ERIC CHENAUX PLAYS A JOINT CD RELEASE PARTY WITH RYAN DRIVER AT WRONGBAR (1279 QUEEN W) MAY 29. $10. 9:30PM.
Eric Chenaux is a very curious musician. Not peculiar-curious — more like inquisitive. His musical explorations find him deconstructing an album’s worth of Willie Nelson songs with The Reveries, or coaxing idiosyncratic, damaged guitar textures from his trusty Gibson hollow-body, or even picking this writer’s brain on contextualizing his quotes in this very article. A long-time fixture on the Toronto avant-indie scene, Eric Chenaux curates the always-inspiring Rat-drifting label while lending his guitar playing to the likes of Drumheller, The Reveries and his own solo records.

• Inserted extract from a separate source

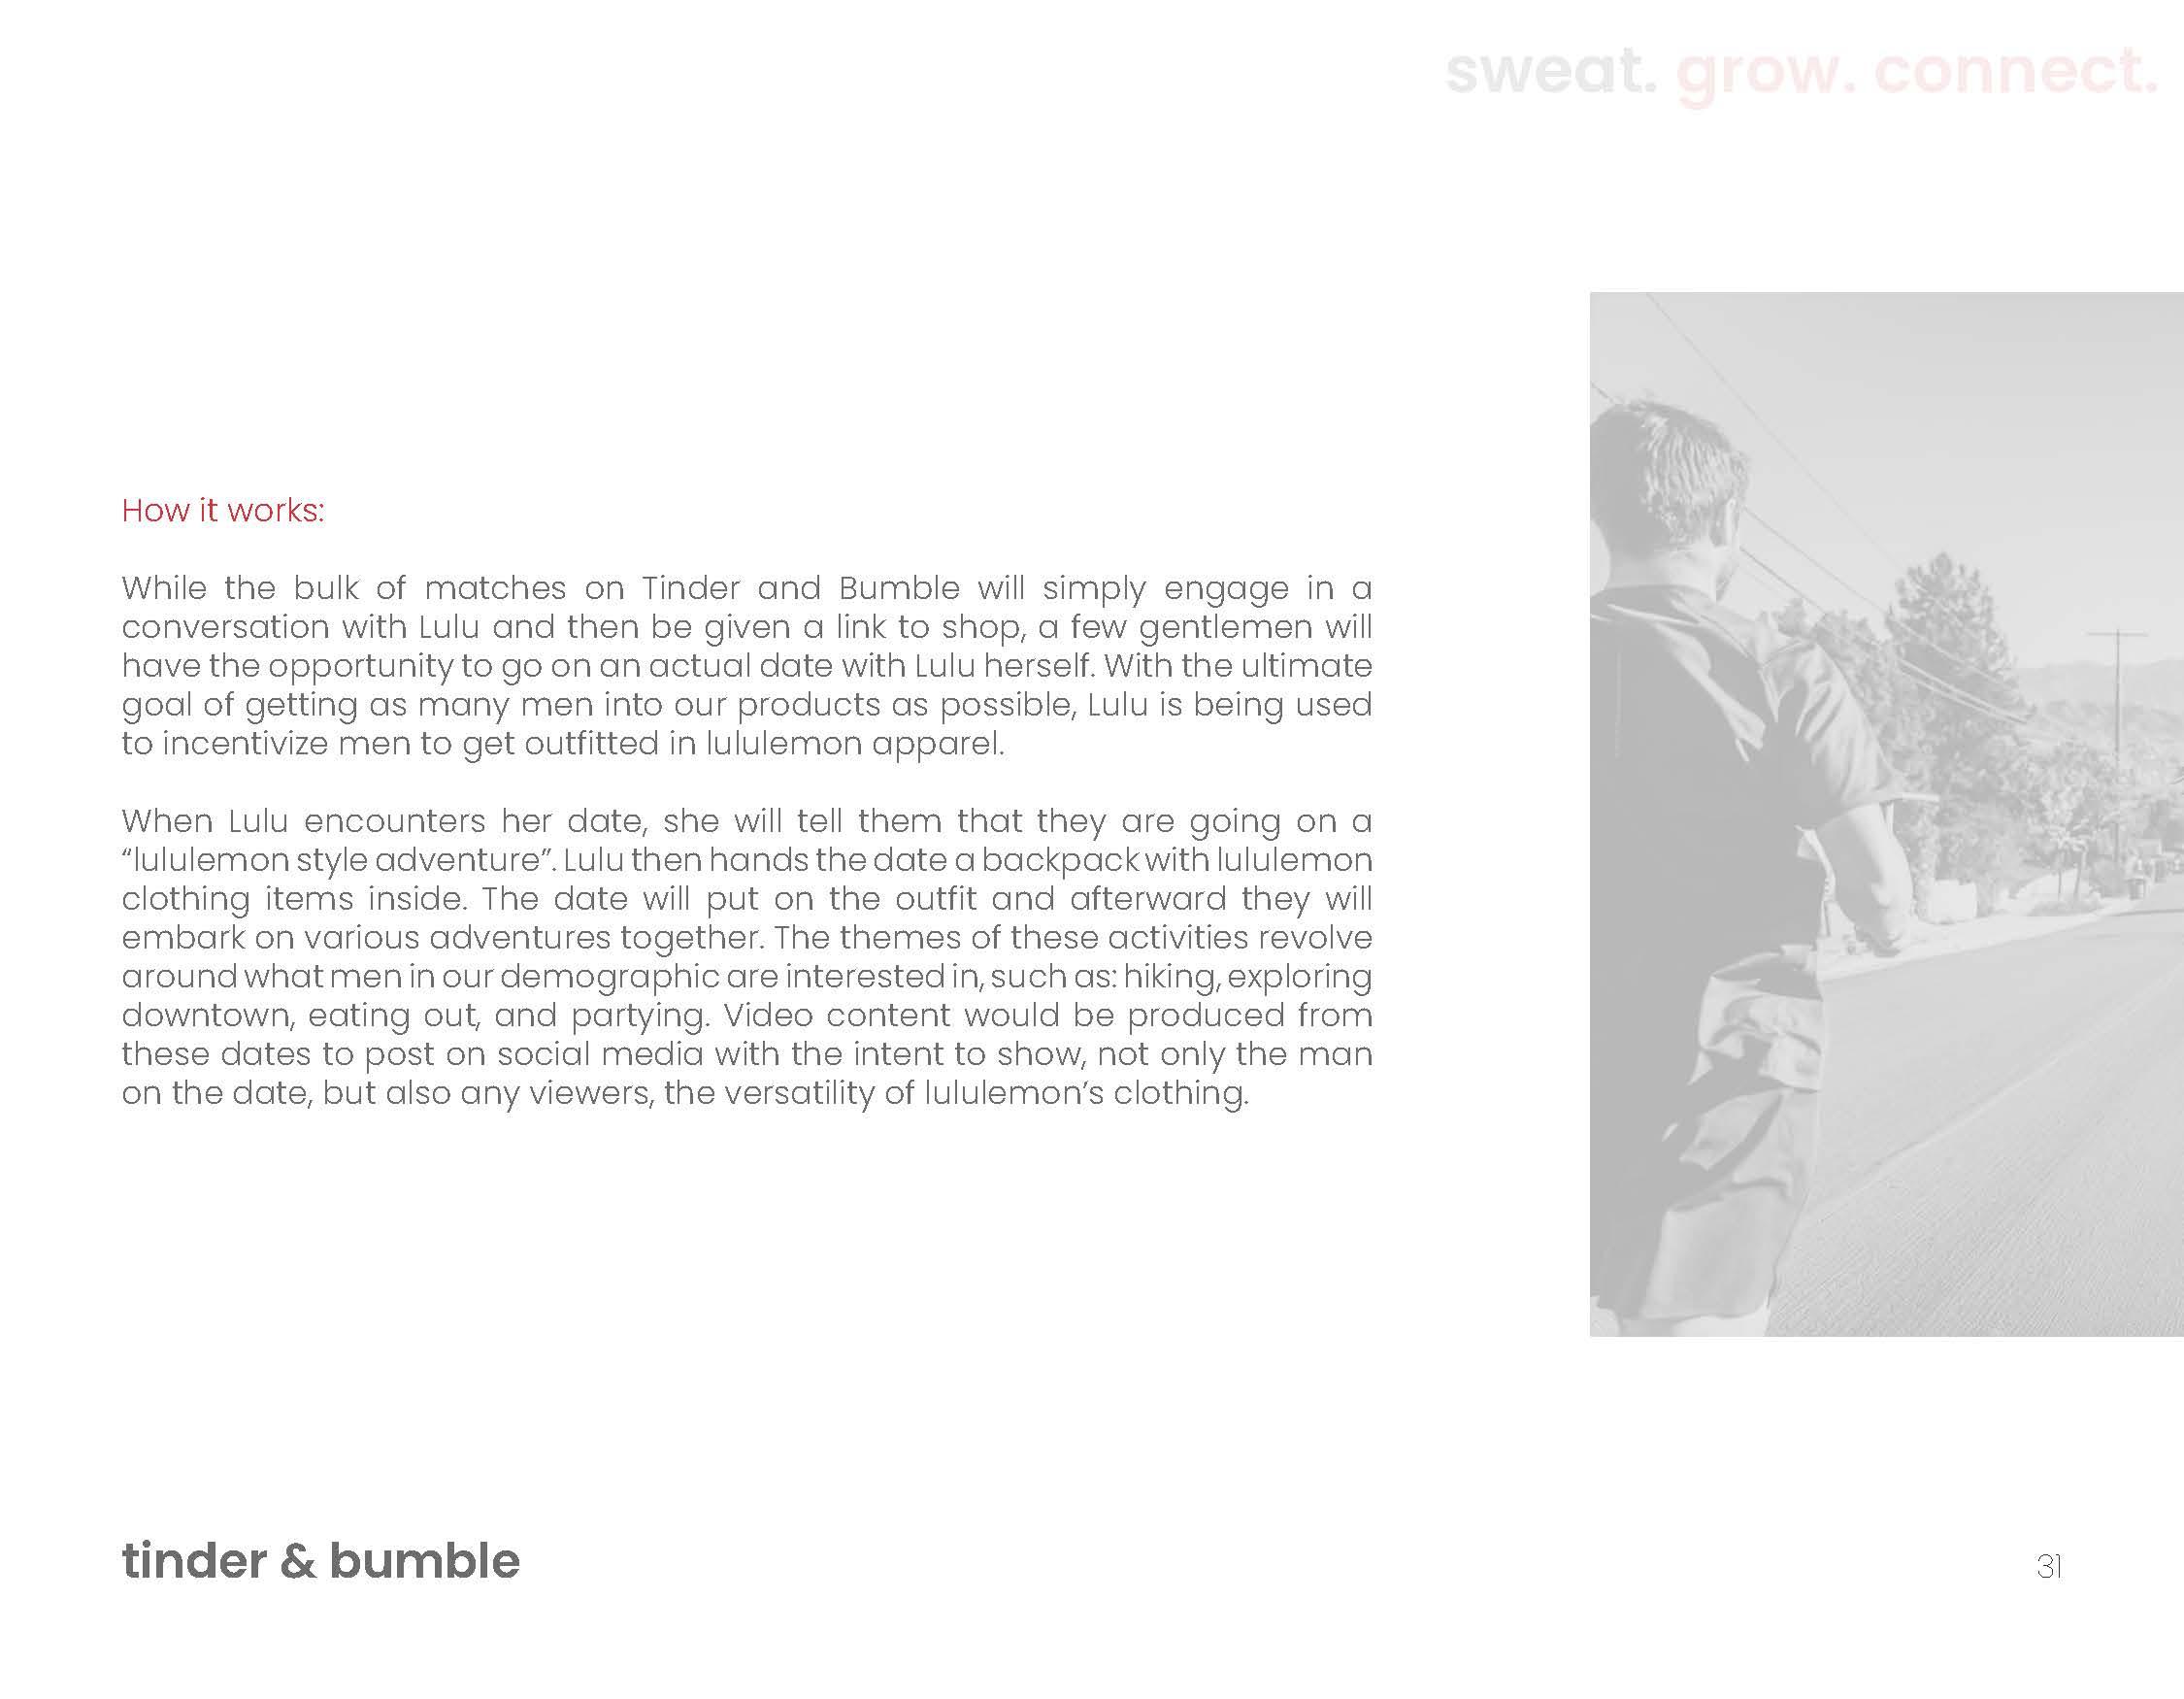 Nellah_FinalPitchBook_Portfolio_lululemon_Page_31.jpg

With his sophomore solo disc Sloppy Ground, Chenaux sounds as though he’s inching closer to normalcy. There’s something surreptitiously catchy about the double-
tracked falsetto/natural vocals on “Love Don’t Change,” nudged along by Nick Fraser’s slow-grooving beat, and the perfectly realized shimmering balladry of “Dreaming of Stars.” Not to mention the visceral thrill of Chenaux’s extended guitar solos, which are an intriguing mixture of chaos and melody. EYE WEEKLY caught up with Chenaux for a few pints at the Epicure Cafe before he biked off to an early-evening rehearsal.
The new record sounds more confident, but is that just the nature of the songs? The first one [2006’s Dull Lights] was far more gentle and introspective, and this one has much more drumming…
...And those big fat guitar solos. [They’re] such a big part of a lot of the songs that I play. I take a lot of guitar solos live, and that wasn’t really on the first record. I’m a huge fan of some of the more conceptual elements of the arrangements on Dull Lights. But it’s mostly about the people. Martin Arnold, who was a huge, beautiful part of Dull Lights, was less a part of this one, so that was a big change. Ryan Driver was a big part of this record. And having Aimée Dawn Robinson playing [electric echo harp], which is a really interesting texture, is also a big part of what I like about the new one.
When you came in with the songs, was there a lot of improvising or did you know how you wanted the arrangements?
I’m sure things changed lots from my original intention. And things have changed since. It’s crazy that when you record a record, then everybody who plays on the record only really knows it after they record it. So then when you go to play it [live], that’s when things get really interesting. So [that’s why] I do like recording songs again.
Yeah, on your new record you do “Am I Lovely” which you did with Drumheller. Is reinterpretation a big part of what a lot of the [Rat-drifting] bands are attempting?
Sometimes the mutations are very intentional; sometimes time just has a way of mutating things and you don’t even know it. I think if you play material long enough, and you’re also a band who don’t rehearse once a week, and you have enough time to forget material, when you revisit it you’re bound to make it different because you can’t remember. There’s a convenience to having a horrible memory. You look at the page and it’s like, “What do I do here? Capo sixth fret?” But you don’t know why you would do that.
Keeps it fresh though.
Yeah. Depending on the project, people have different expectations. All of us play music that’s pretty composed as well. And you’re happy with how it goes, and you kind of want to continue that happiness. And then some things have a core element that you believe in. And that core element can transpose into a lot of different details when you play it.
How much did playing in punk bands shape what you do now? Or the way you approach the label?
I don’t know. I’m the same person doing all those things. There was a time when Eugene Chadbourne was punk. But it was so much more the political side, and political not in the British [sense] where everyone had the common enemy of Thatcher, but it was political on a much more social aesthetic level.
Maybe that’s what I see relating to what you’re doing, working together with this group of people, playing at the Tranzac, making recordings that aren’t elaborate — stuff that you can do on your own...
...Working with the parameters that you have and celebrating those. I guess that’s punk rock, you know. That’s maybe as punk rock as it gets. But I think punk is really nowhere near the first [to do that]. Listen to all the stuff that Sublime Frequencies is putting out. It’s only in high-production pop music [that] people tend to make stuff beyond their means; like spending six years working on the follow-up to their multi-million dollar record. And also just that hermetic solo artist in the studio with the producer, going crazy, ruining relationships, ruining friendships, really just going nuts... Music just doesn’t have to be that way. It can be a part of your life.